» **What is required**
Nothing but the lines from the one including "curved design black" through the last line of the entries, restated exactly, should appear in the answer; omit the pictures.

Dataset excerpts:
BEGIN

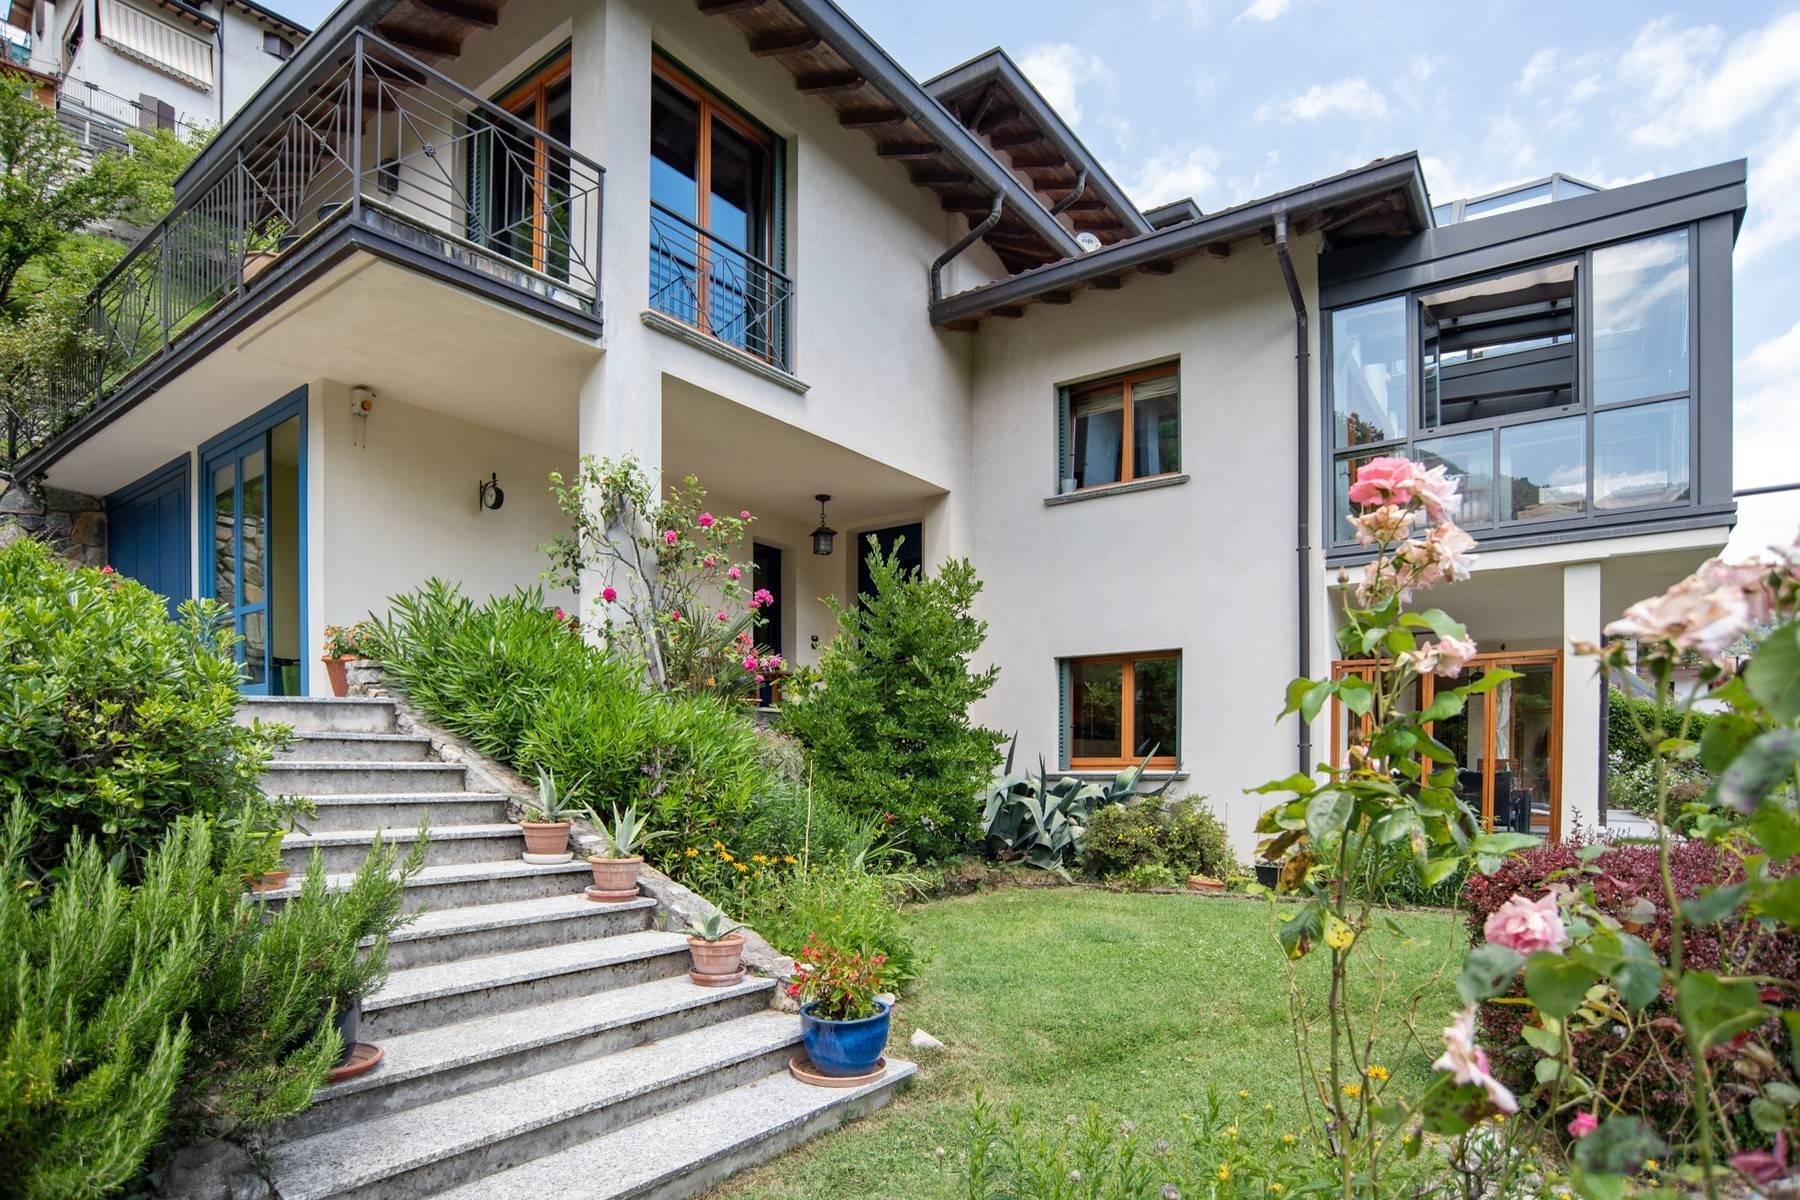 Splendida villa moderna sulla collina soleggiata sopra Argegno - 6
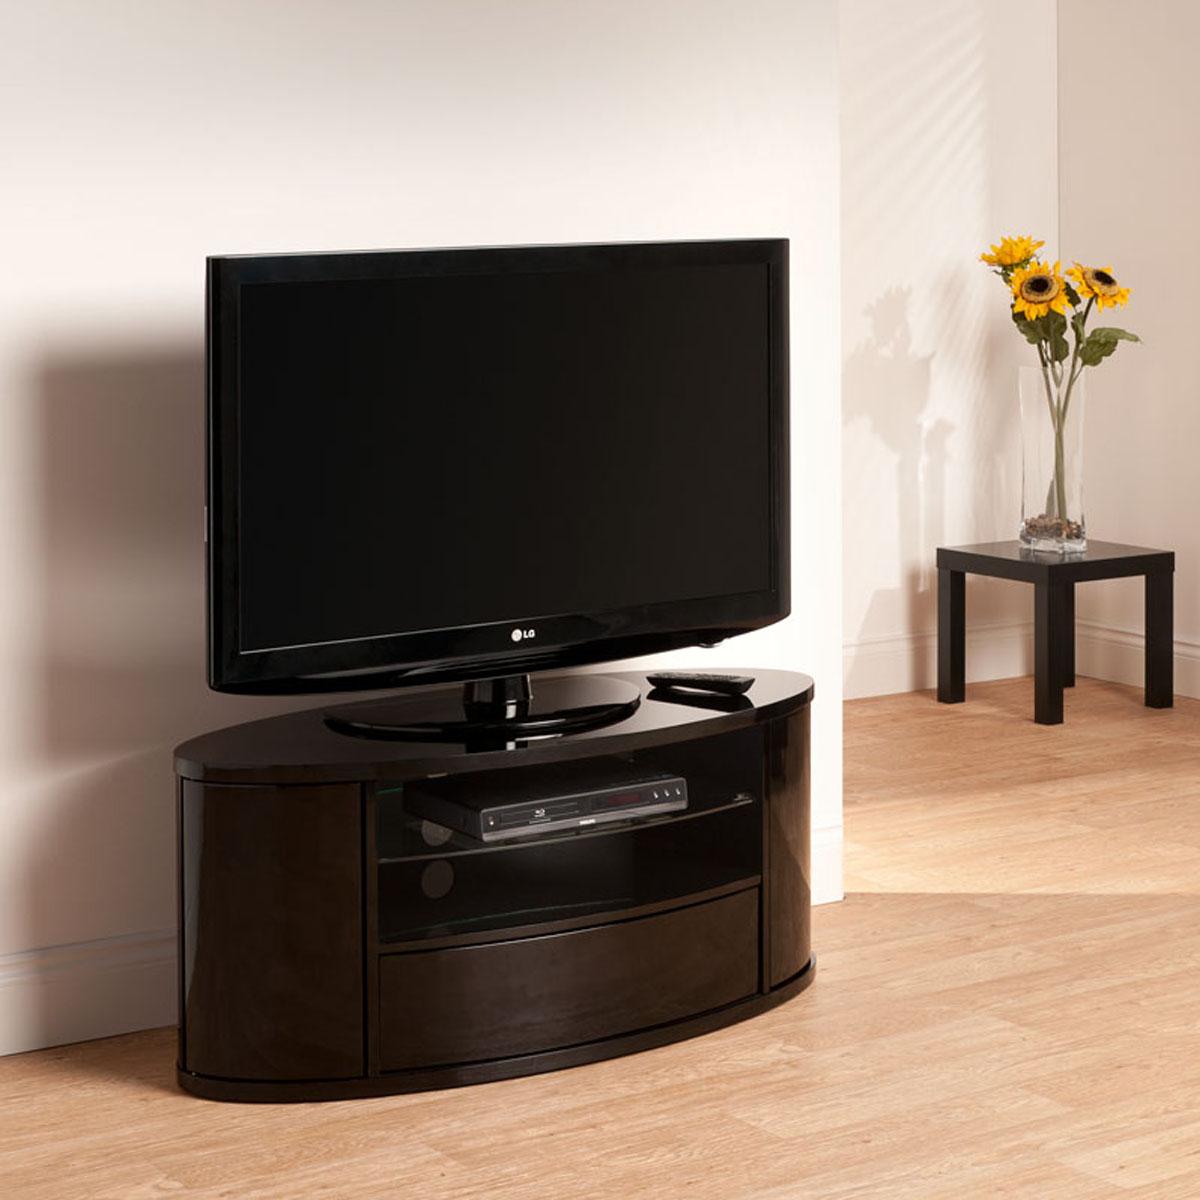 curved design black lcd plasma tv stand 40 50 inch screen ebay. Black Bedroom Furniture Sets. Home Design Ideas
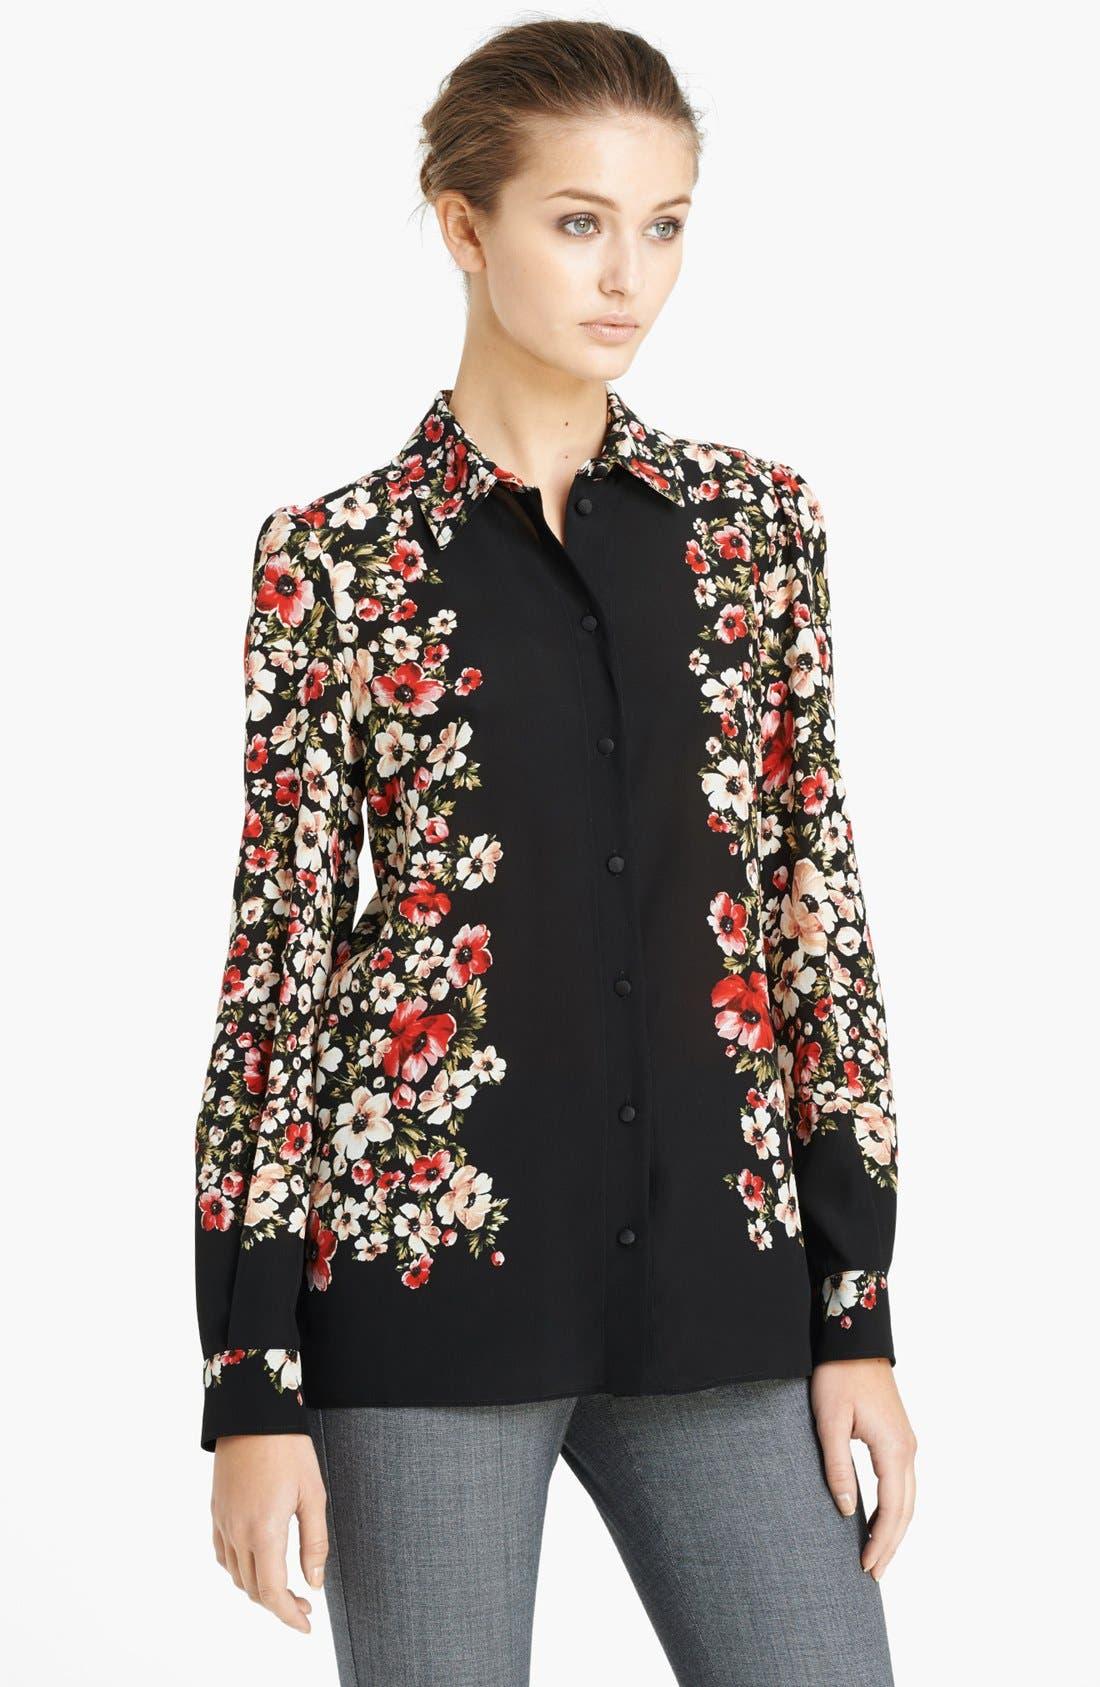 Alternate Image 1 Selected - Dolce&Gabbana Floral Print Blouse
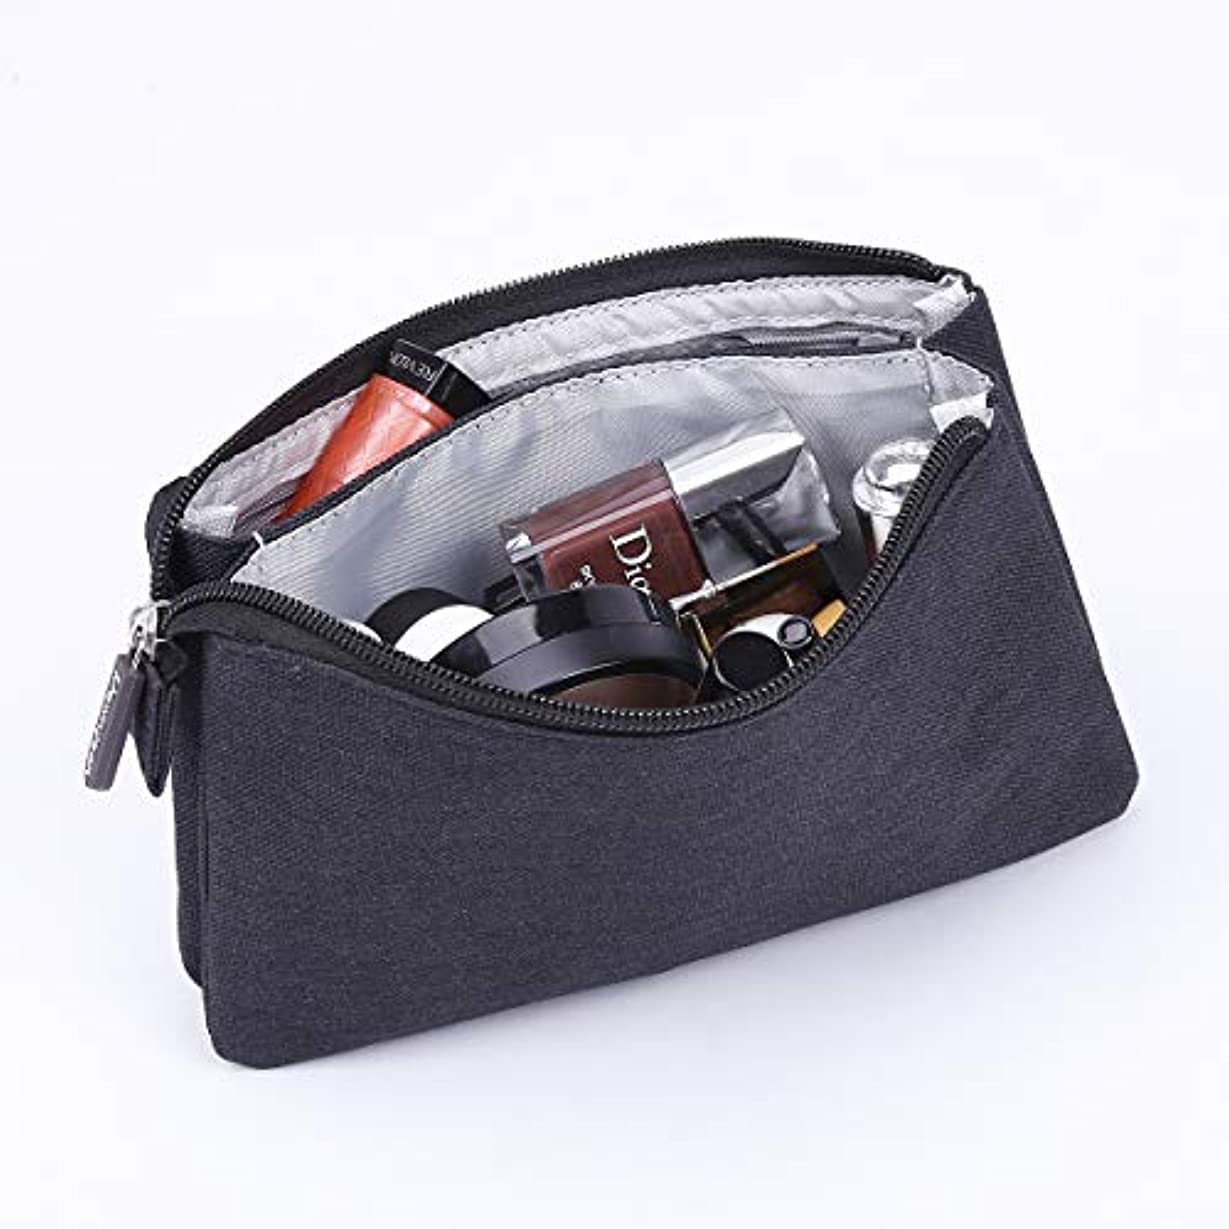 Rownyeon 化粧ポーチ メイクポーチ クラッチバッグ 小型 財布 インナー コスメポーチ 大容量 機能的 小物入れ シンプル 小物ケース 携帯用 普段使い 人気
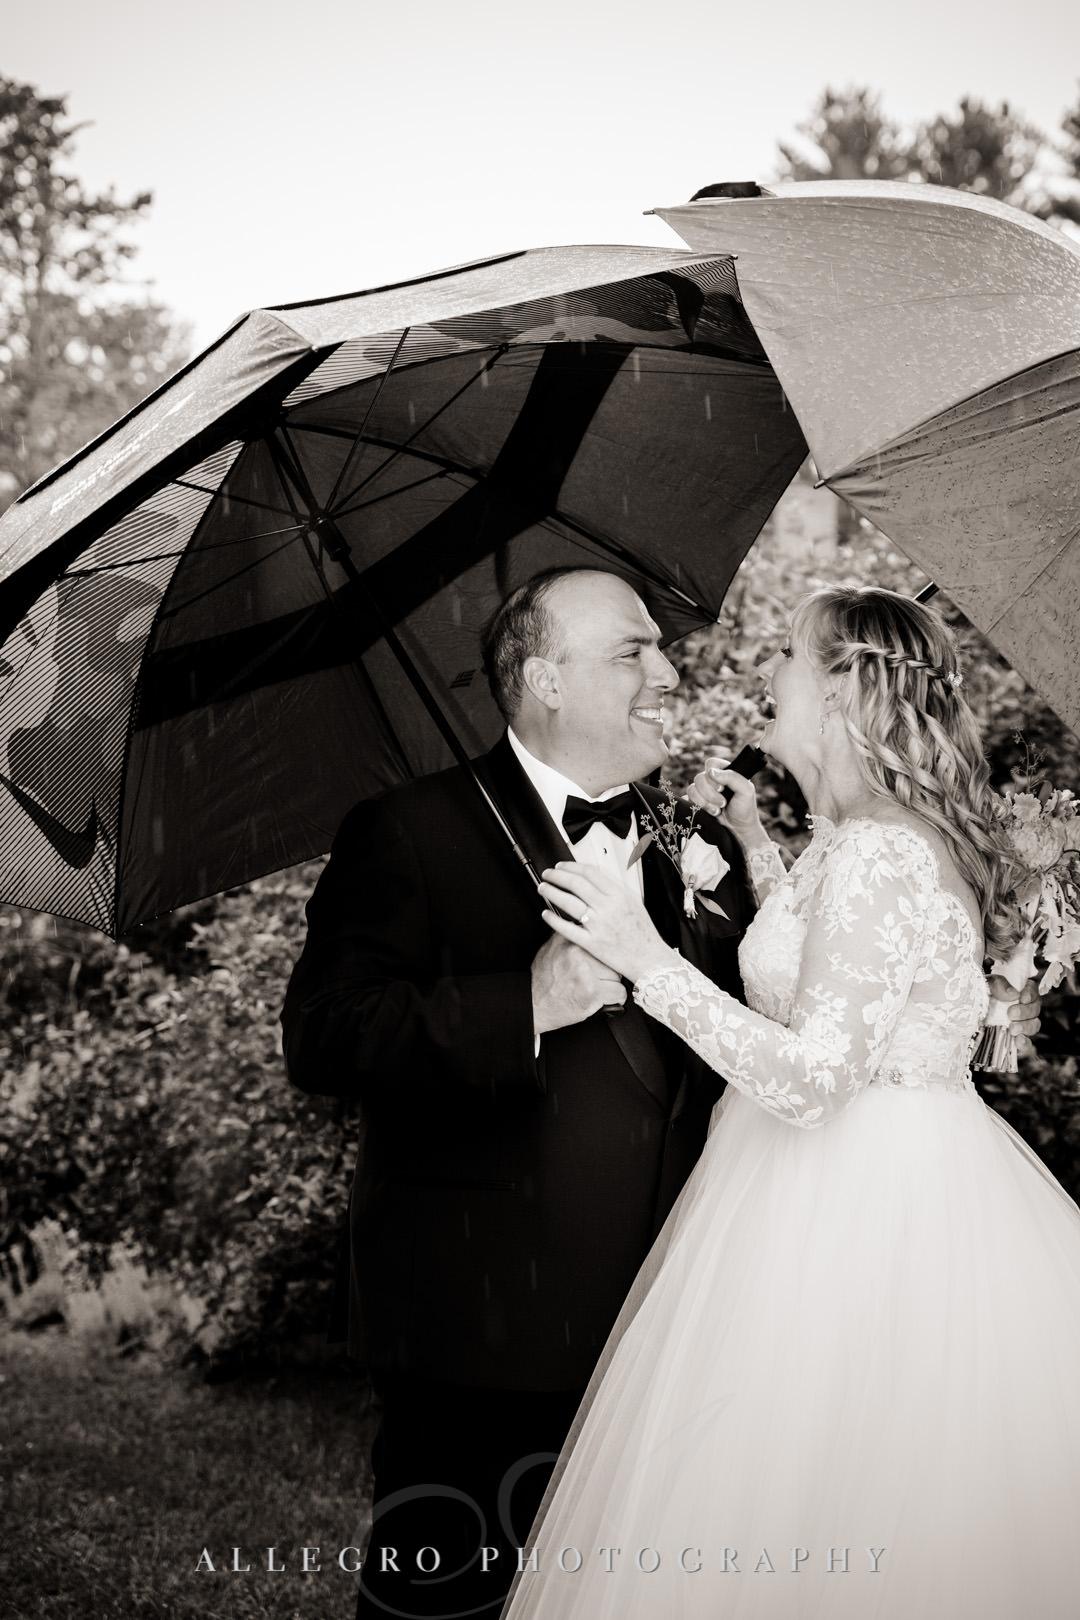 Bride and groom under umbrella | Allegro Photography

END

» **Result of the task**
 curved design black lcd plasma tv stand 40 50 inch screen ebay. Black Bedroom Furniture Sets. Home Design Ideas
 Alternate Image 1 Selected - Dolce&Gabbana Floral Print Blouse
 Rownyeon 化粧ポーチ メイクポーチ クラッチバッグ 小型 財布 インナー コスメポーチ 大容量 機能的 小物入れ シンプル 小物ケース 携帯用 普段使い 人気
 Bride and groom under umbrella | Allegro Photography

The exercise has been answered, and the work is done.